Newsletter

Dreaming in Infinite Rooms

Finding relationships between data points is sometimes achieved through poetry.

Eryk Salvaggio

18 Jul 2021 — 11 min read

The cover of Fred D’Agnazio and Allen Wold’s “The Science of Artificial Intelligence,” 1984, via the Internet Archive.

“A man taken out of his room and, without preparation or transition, placed on the heights of a great mountain range, would feel something like an unequalled insecurity, an abandonment to the nameless that would almost annihilate him. He would feel he was falling, or think he was being catapulted out into space, or exploded into a thousand pieces. What a colossal lie his brain would have to invent in order to catch up with and explain the situation of his senses.” — Rainer Maria Rilke, Letters to a Young Poet

At an AI conference some years back, Facebook presented a 3D model of a suburban home it had rendered in 4K clarity. The team had gone into a home in the Palo Alto suburbs and captured it all with immersive cameras.
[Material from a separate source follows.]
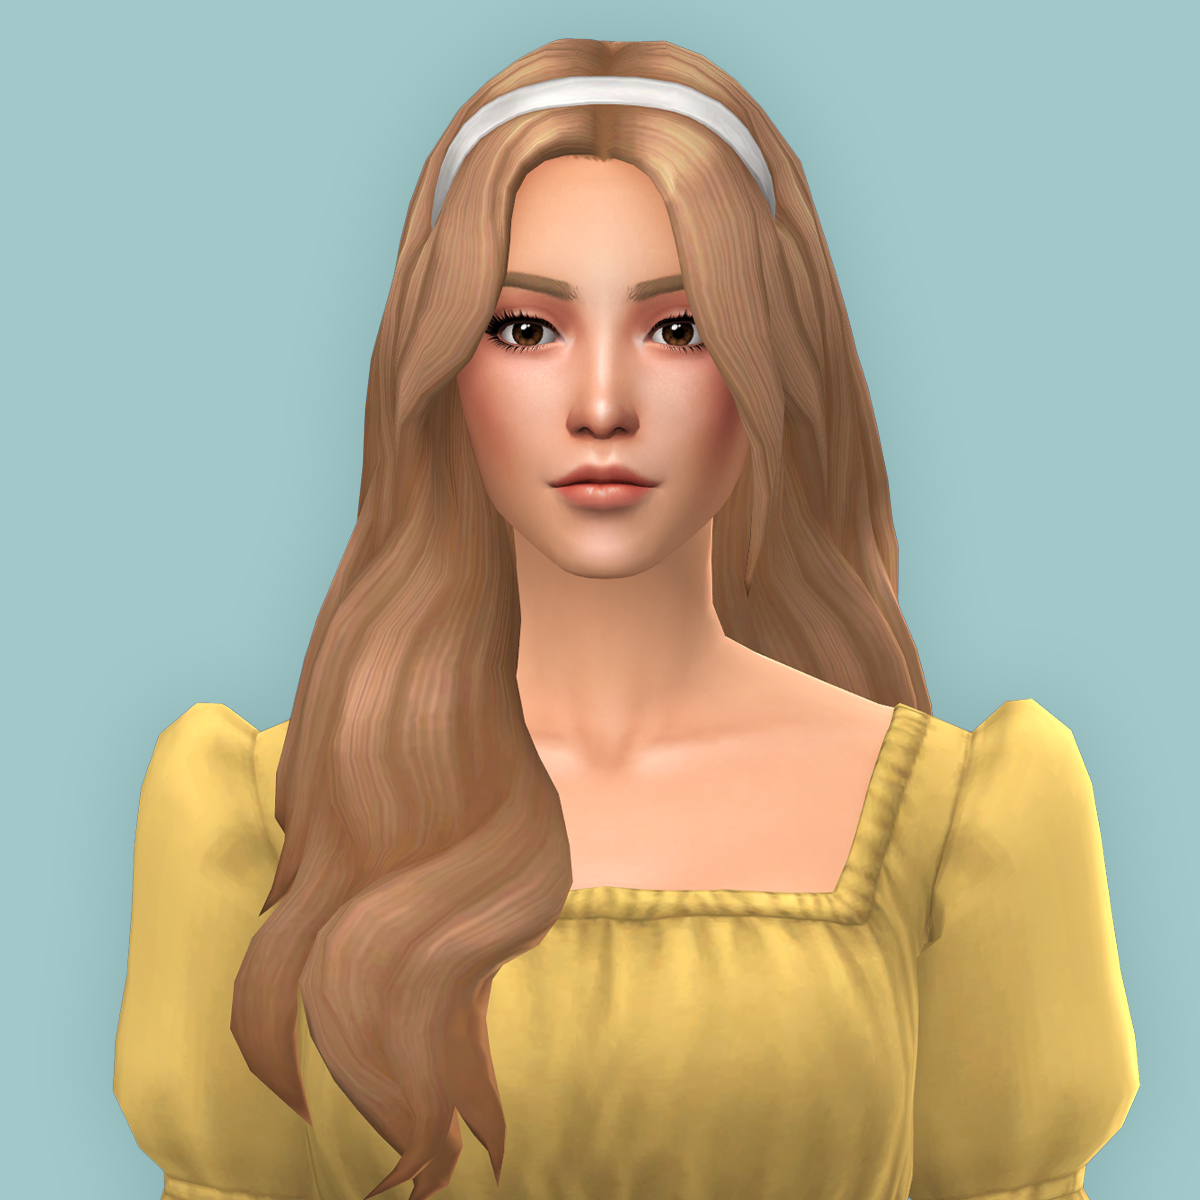 QICC - Nisma Hair - The Sims 4 Create a Sim - CurseForge
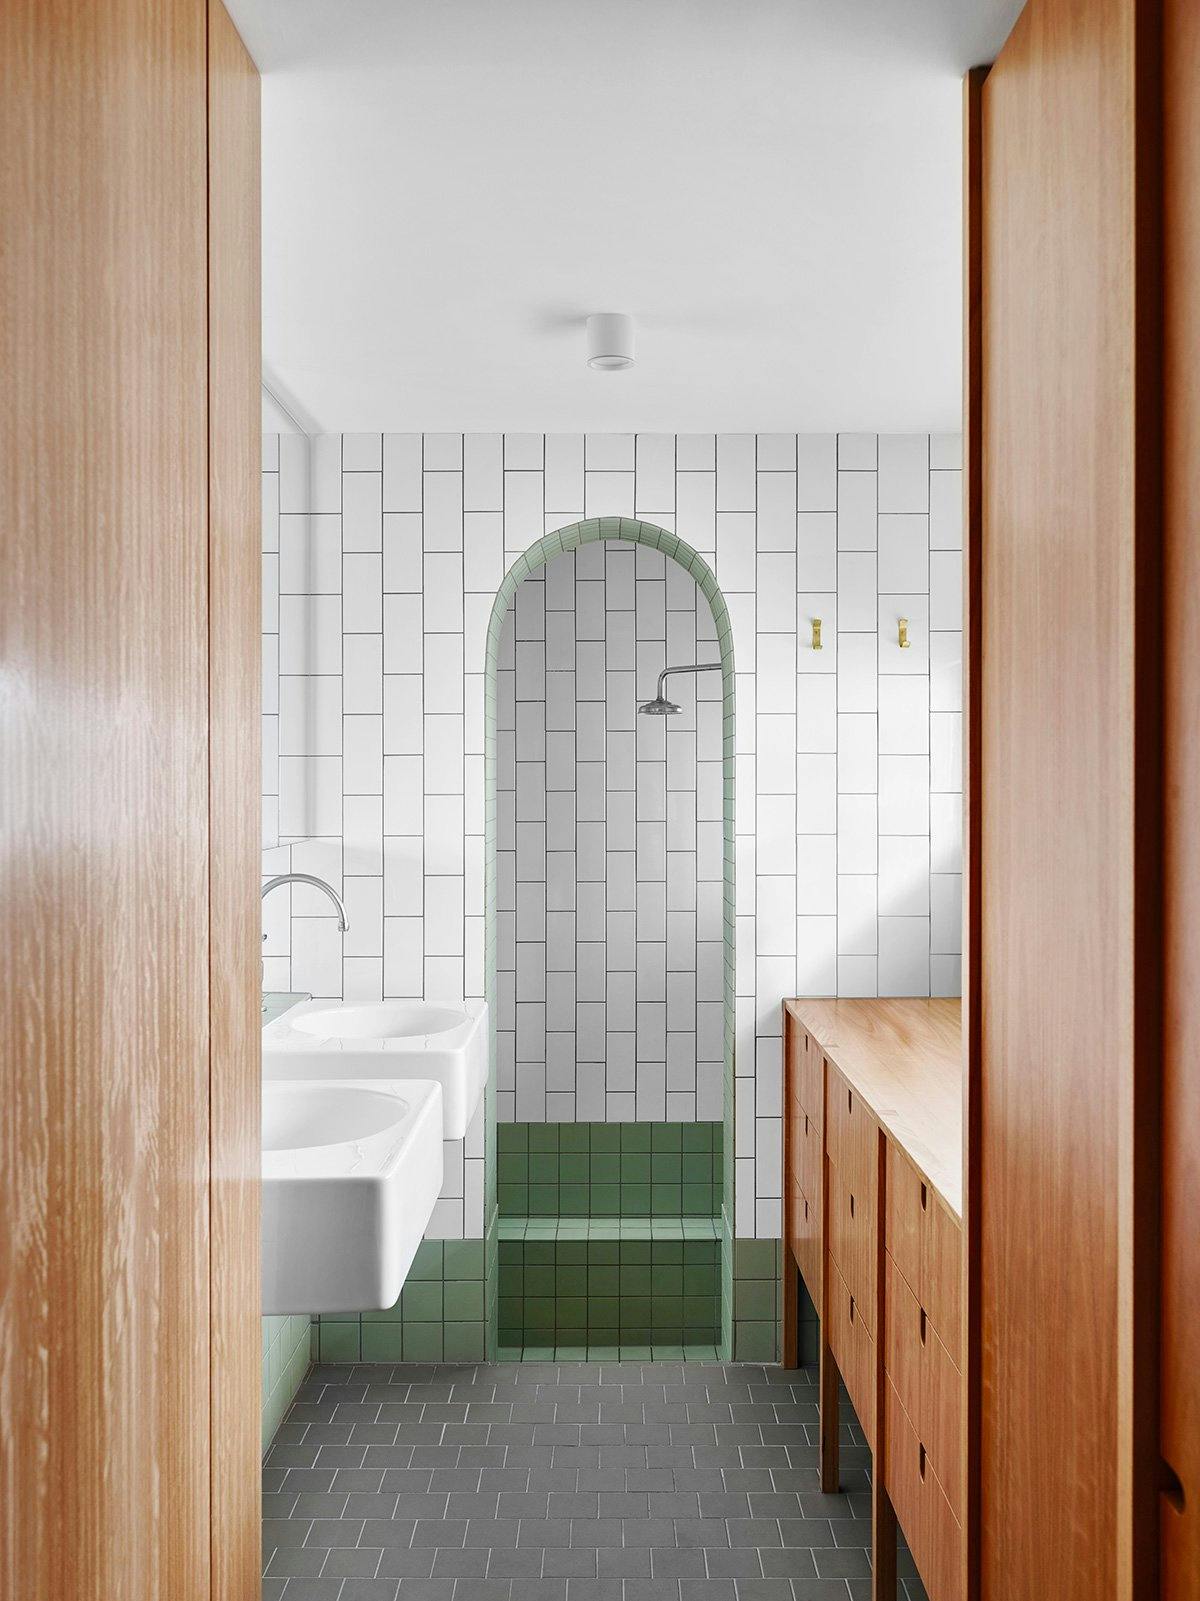 Tôi thích cách phòng tắm này của Owen Architecture thu hút nhiều sự chú ý đến lối vòm bằng cách sử dụng gạch vuông và các cạnh sắc nét ở mọi nơi khác.  #arch #designtrend #interiors #organicmodern #bathroom #tilebathroom #archdoorway

We could see their model of the house projected on a screen behind the speaker. In the model, the house went on forever, he explained, and the screen took us room to room. Meanwhile, another system was producing random arrangements of furniture and objects. In one room, a lamp to the left, in another, a lamp to the right.

They were trying to teach a robot how to wander. The house had become images, and those images became a virtual space. A robot, as a physical embodied entity, doesn't actually need to wander around to learn how to stroll. Because a robot is only reacting to digital information gathered by a camera. So, you train a navigation model how to respond to the model of the infinite living room in Palo Alto.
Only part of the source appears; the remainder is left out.